Director Vishnu Ramakrishnan’s desire to give Tamil cinema a fresh and touching life drama in Lilly Rani is commendable. But unfortunately, intentions alone do not make for an entertaining film. Director Vishnu Ramakrishnan starts off Lilly Rani on the right note. We learn about a sex worker who gets pregnant to one of her customers, and opts to give birth to the child. We are drawn into the flick at this point. Then we witness her being belittled by people for her choice. These portions do help construct a touch of empathy in us towards the character. But sadly, the portions where the director tries to present us the mortifications a sex worker has to endure to raise a child are built in a cliched fashion. 

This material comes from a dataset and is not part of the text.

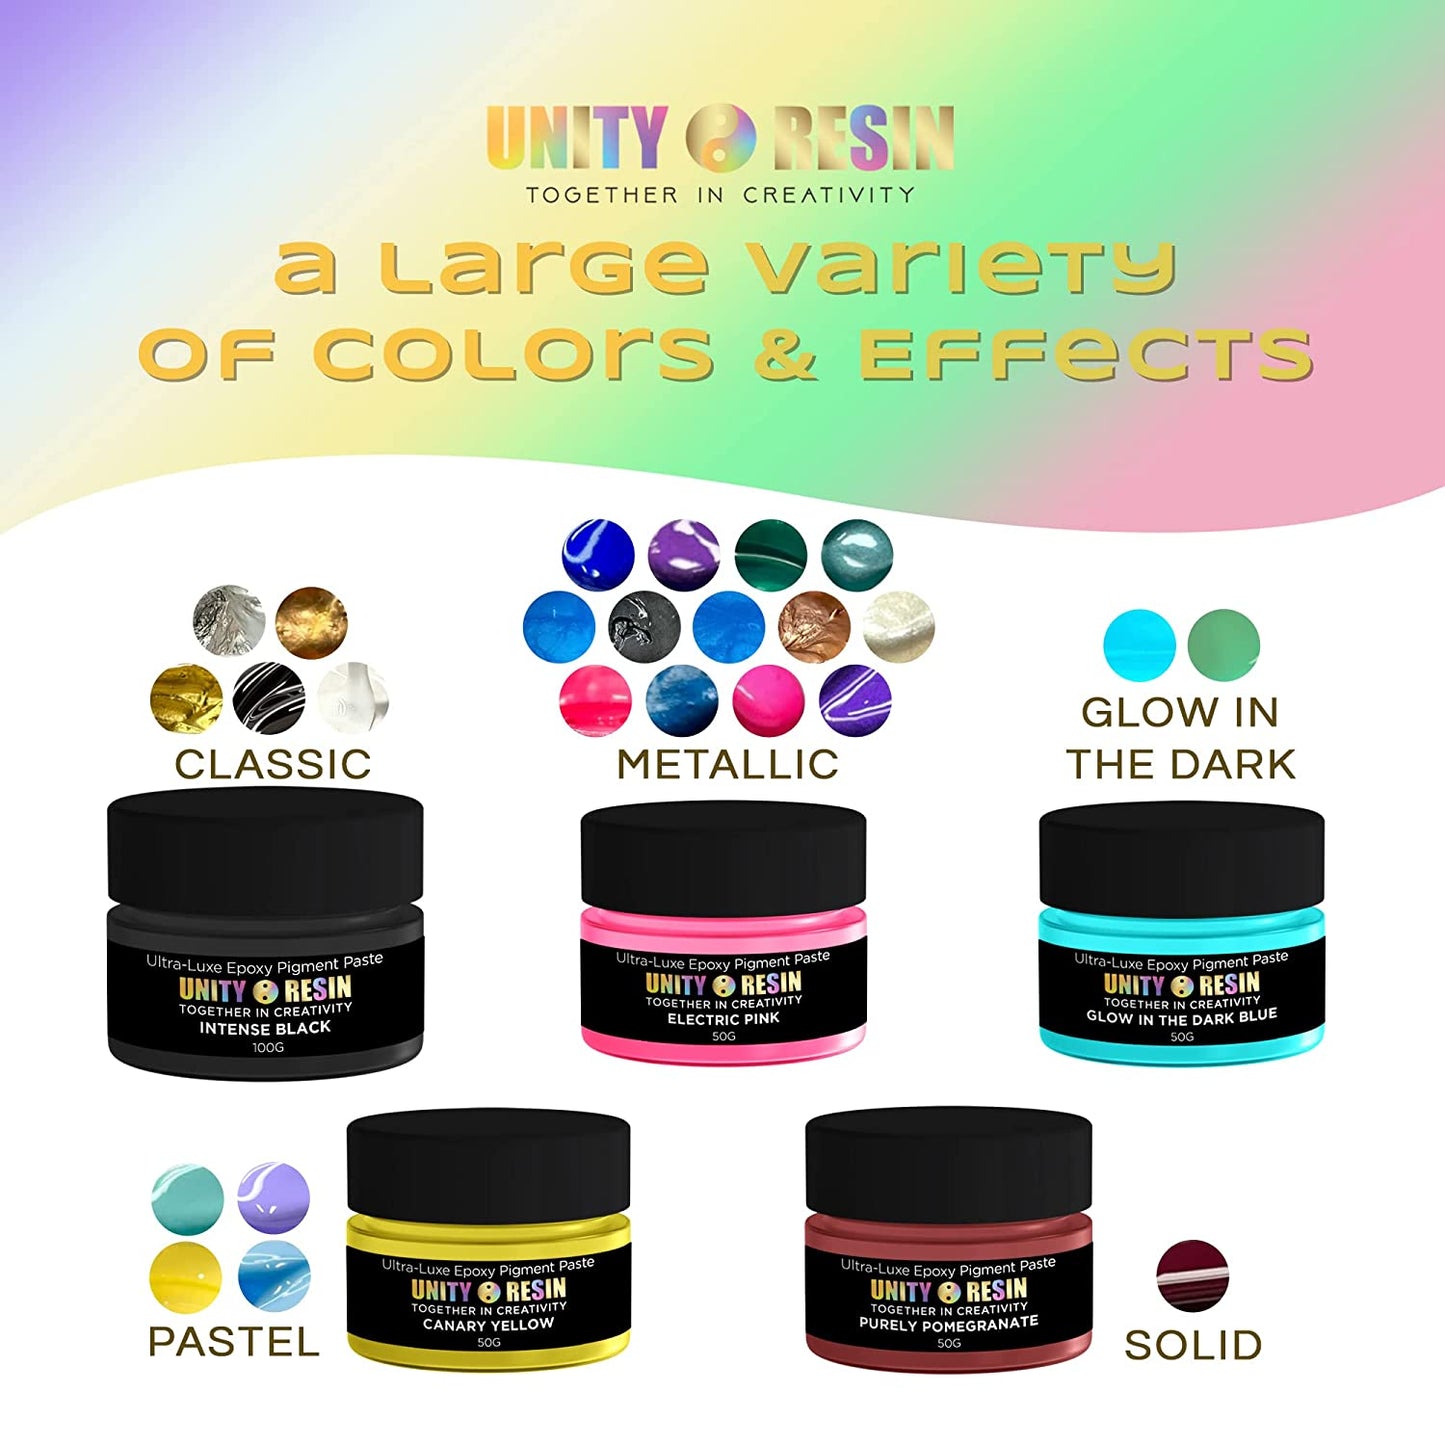 Ultra-Luxe Epoxy Resin Pigment Paste- GLOW in the DARK BLUE (50G).
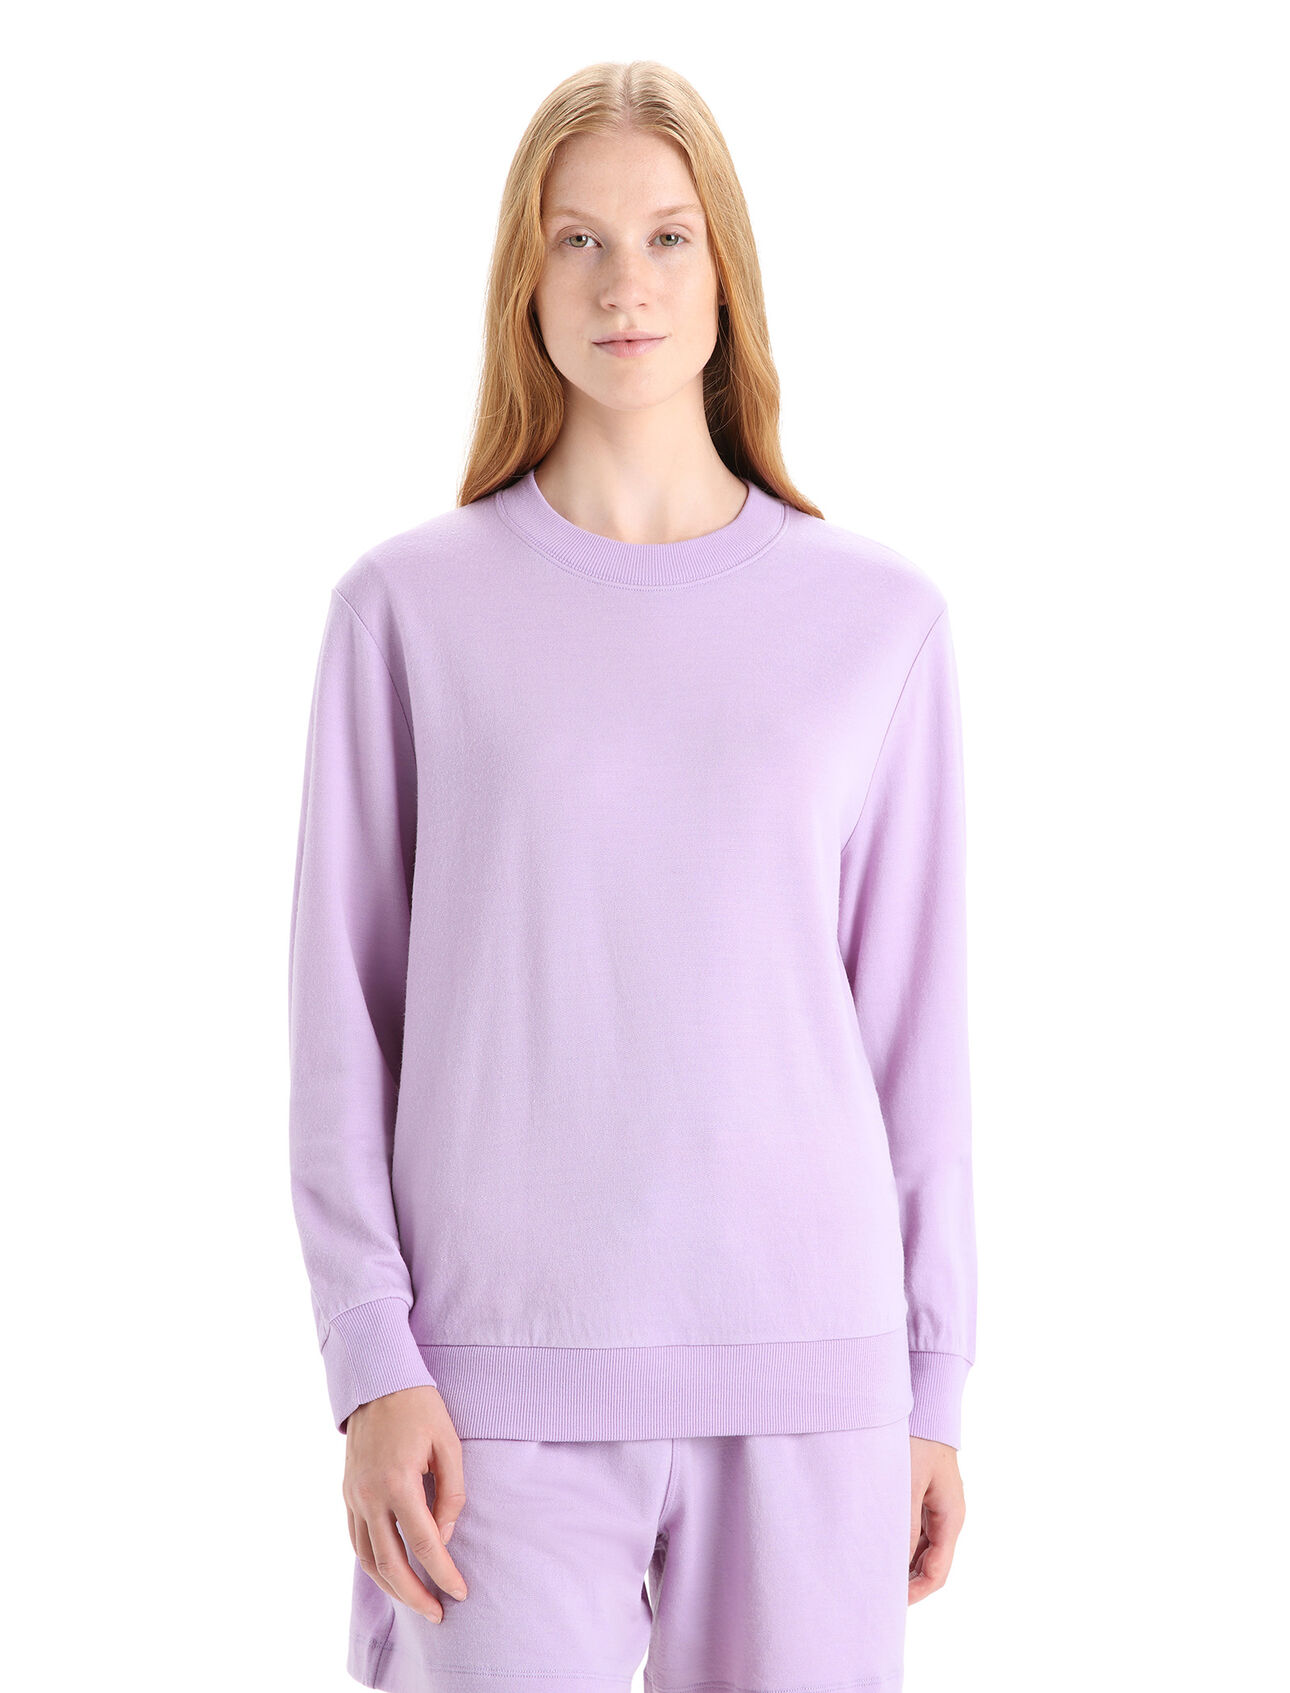 Womens Merino Crush Long Sleeve Sweatshirt With a clean and classic design that's great for layering, the Crush Long Sleeve Sweatshirt offers all-day comfort with a casual fit and look.

A bit of creativity in convoluted situations the character faces, and better dialogues to express the emotions of the character would have infused a sense of authenticity that the director was hoping to achieve. He is the culpable one here. It is his indulgence in convenient writing that dilutes the potential of the script. The stretch where Thambi Ramaiah and Lilly’s character travel together are treated with a dash of humor that is quite enjoyable. Halfway through the film, director Vishnu Ramakrishnan seems to have gone dry of ideas, and to have the run time of a feature film abruptly derails to a thriller format. So, what started off as a life drama becomes a thriller taking the audience who have been waiting for a poignant drama as promised at the beginning for a gull’s ride. 

Actress Chaya Singh brings out a fine performer in her to the fore in Lilly Rani. She infuses life into her character, and makes it look so authentic. She asserts her competency and maturity as a performer. Actor Thambi Ramaiah ditches the stereotypical cop part that he usually plays. For a change, he takes up – though small – a role with space to perform. He does complete justice to his role. Actor Jayaprakash as usual makes his presence felt even in a restricted screen time. Actor Dushyanth Jayaprakash serves his purpose for why he was brought on board. Actor Boobalan is functional. Actor Pandi is adequate. Actor Akash Ram is operational. The rest of the cast has delivered what was asked of them. 

On the technical front, music director Jerwin Joshua’s songs add value to the film. With his background score, he has handled the switch from melodramatic tone to thriller mood of the drama well. Cinematographer Shiva Darshan has mounted his camera in the right spots and angles to capture raw emotions of the artists. His lighting is brilliant as well. Editor Beswanth Venkatesh has done his best to trim out the shortcomings in the work of his colleague. 

On the whole, actress Chaya Singh’s Lilly Rani would have been an interesting watch if it had had clarity about the genre, a better craftsman steering the ship, and a decent budget.